- Recorded information -
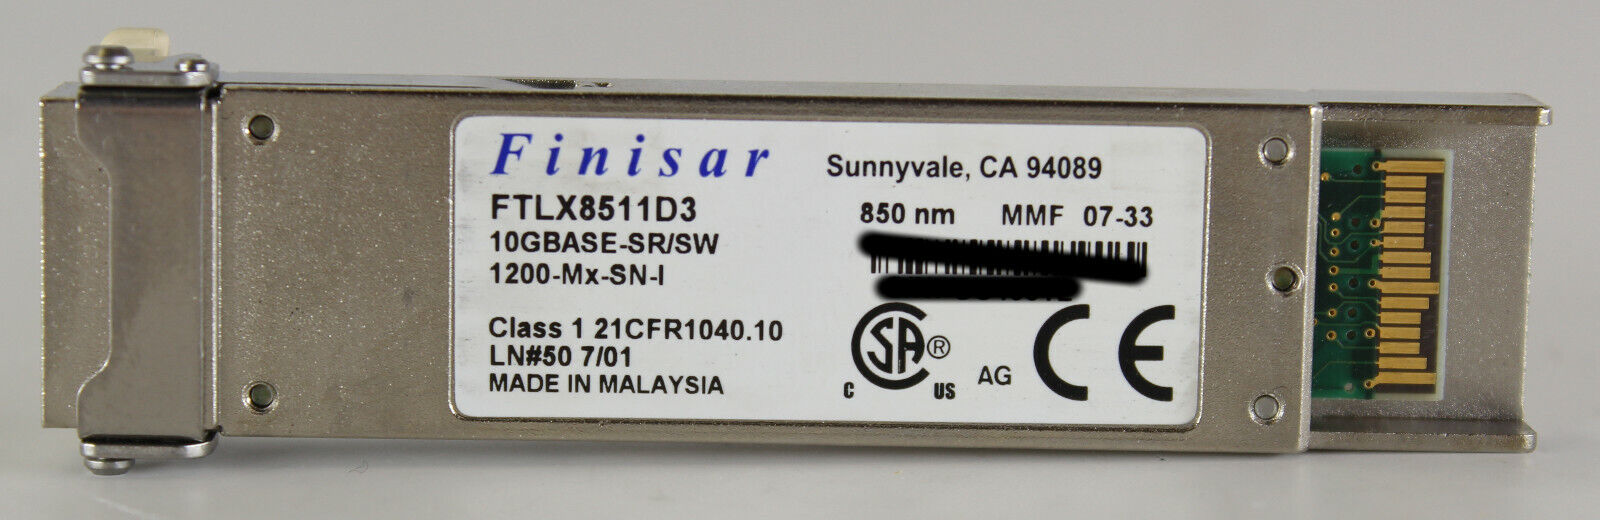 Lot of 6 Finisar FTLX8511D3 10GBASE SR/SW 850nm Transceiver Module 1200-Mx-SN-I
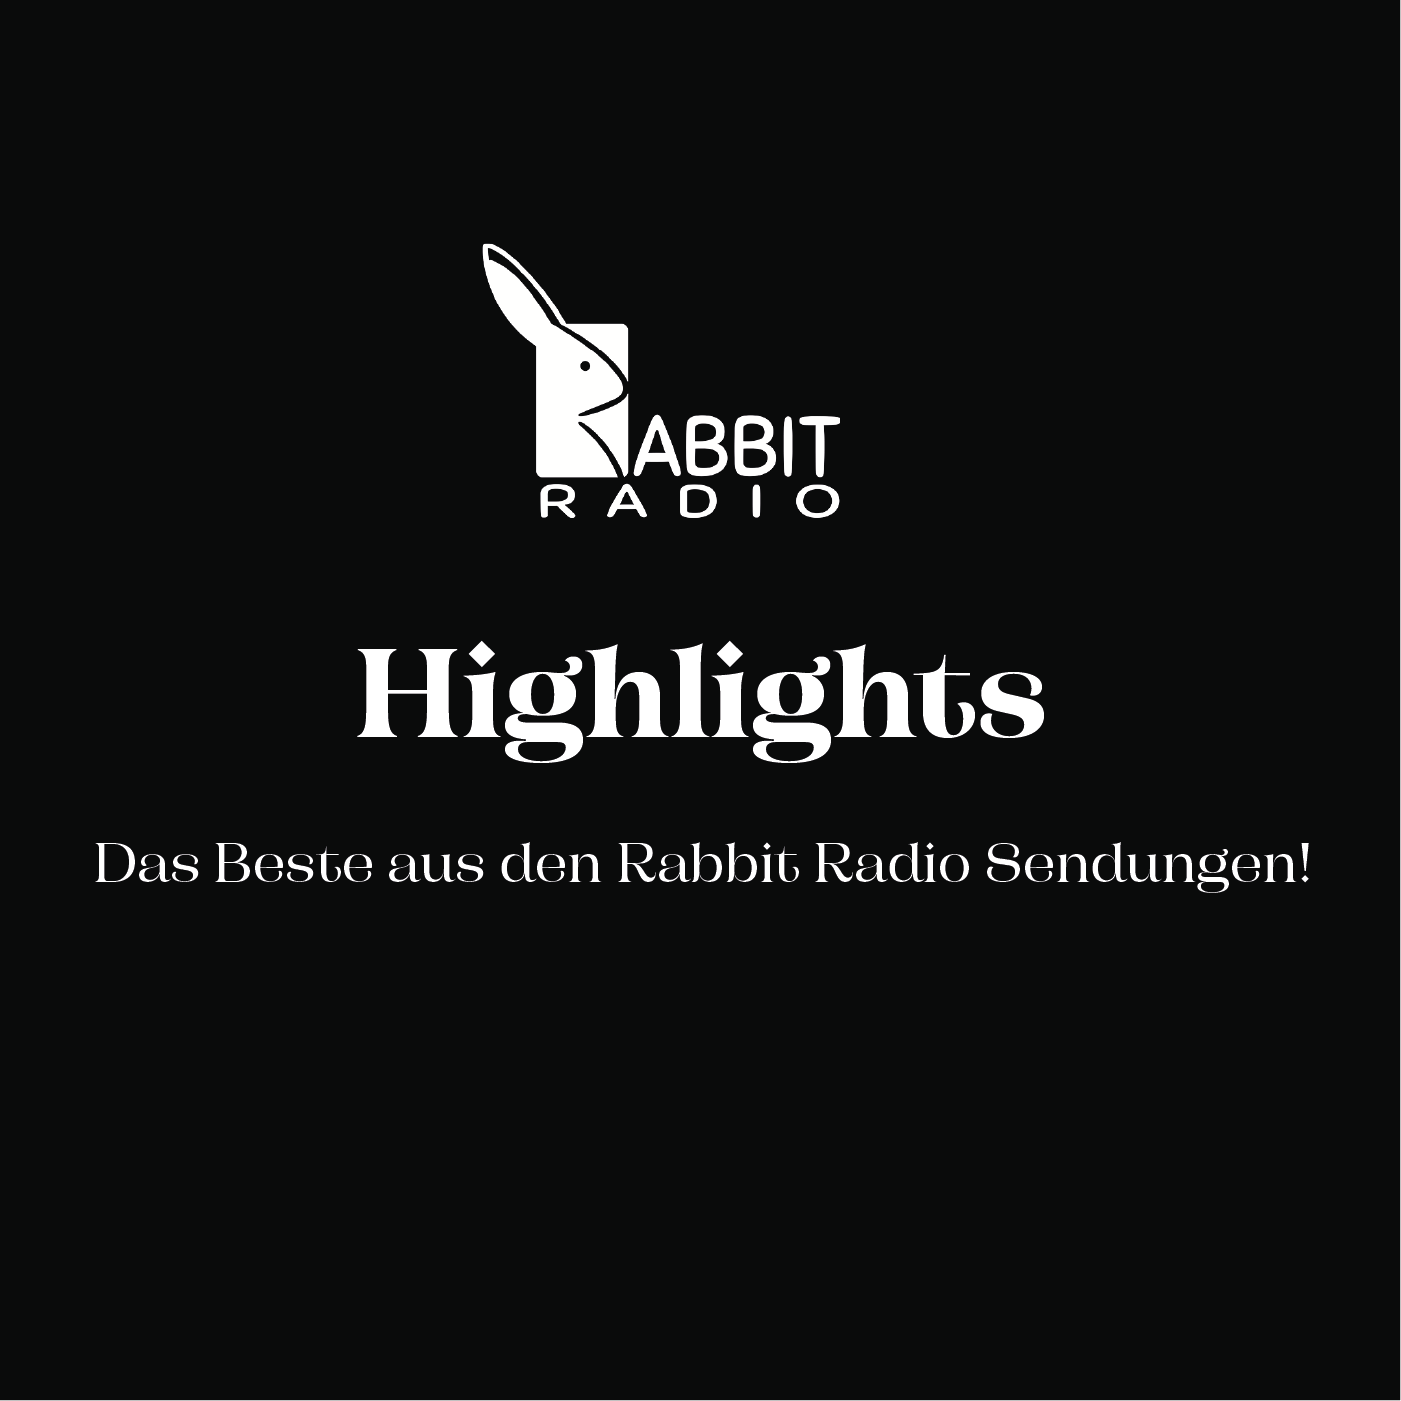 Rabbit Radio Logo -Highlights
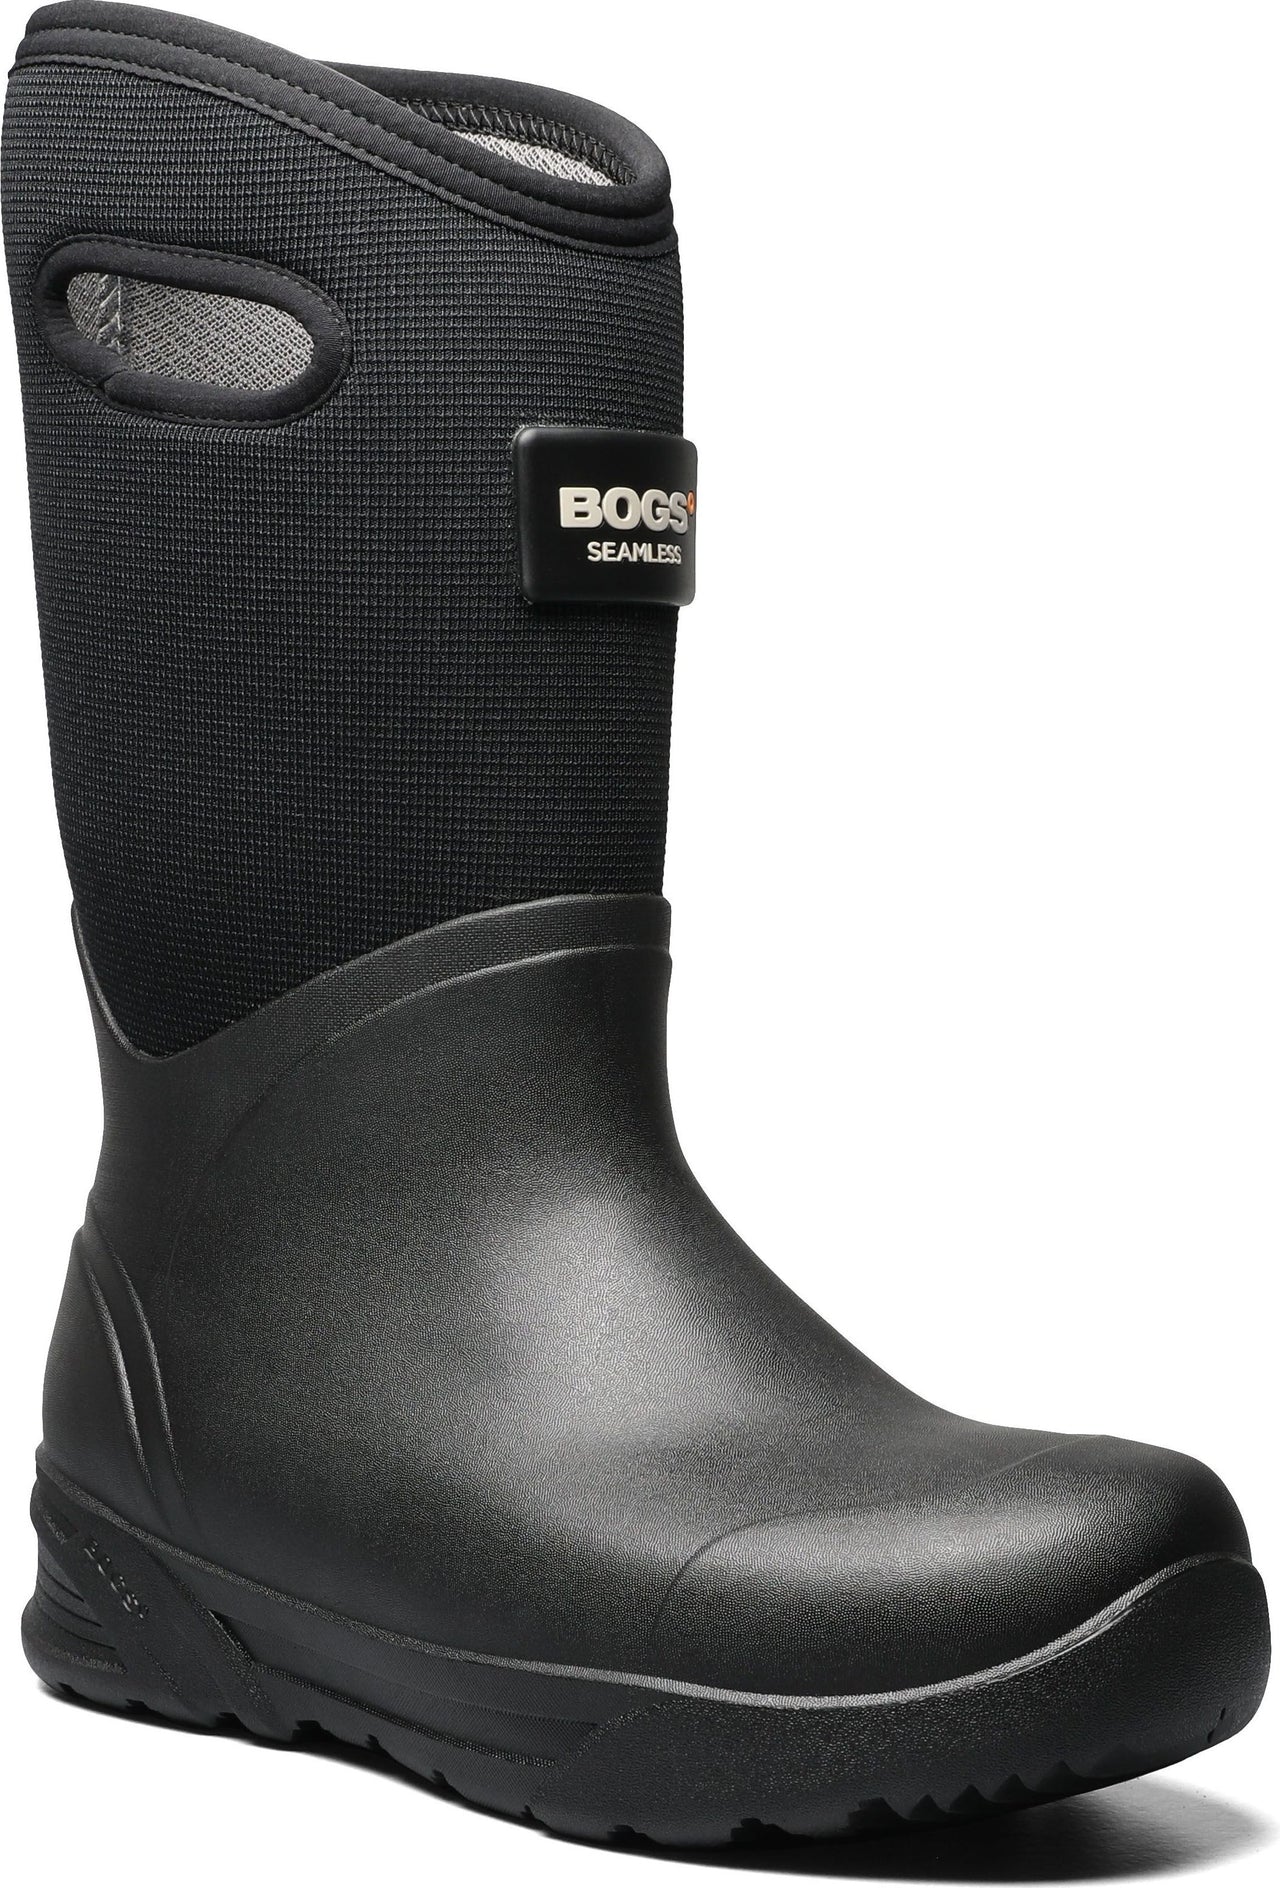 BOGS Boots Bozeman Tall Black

- Exercise details -
Repeat the line containing "Rabbit Radio Logo -Highlights" and every line after it up to the end of the material above, exactly as they stand, minus the pictures.

- Result for this exercise -
 Rabbit Radio Logo -Highlights
 BOGS Boots Bozeman Tall Black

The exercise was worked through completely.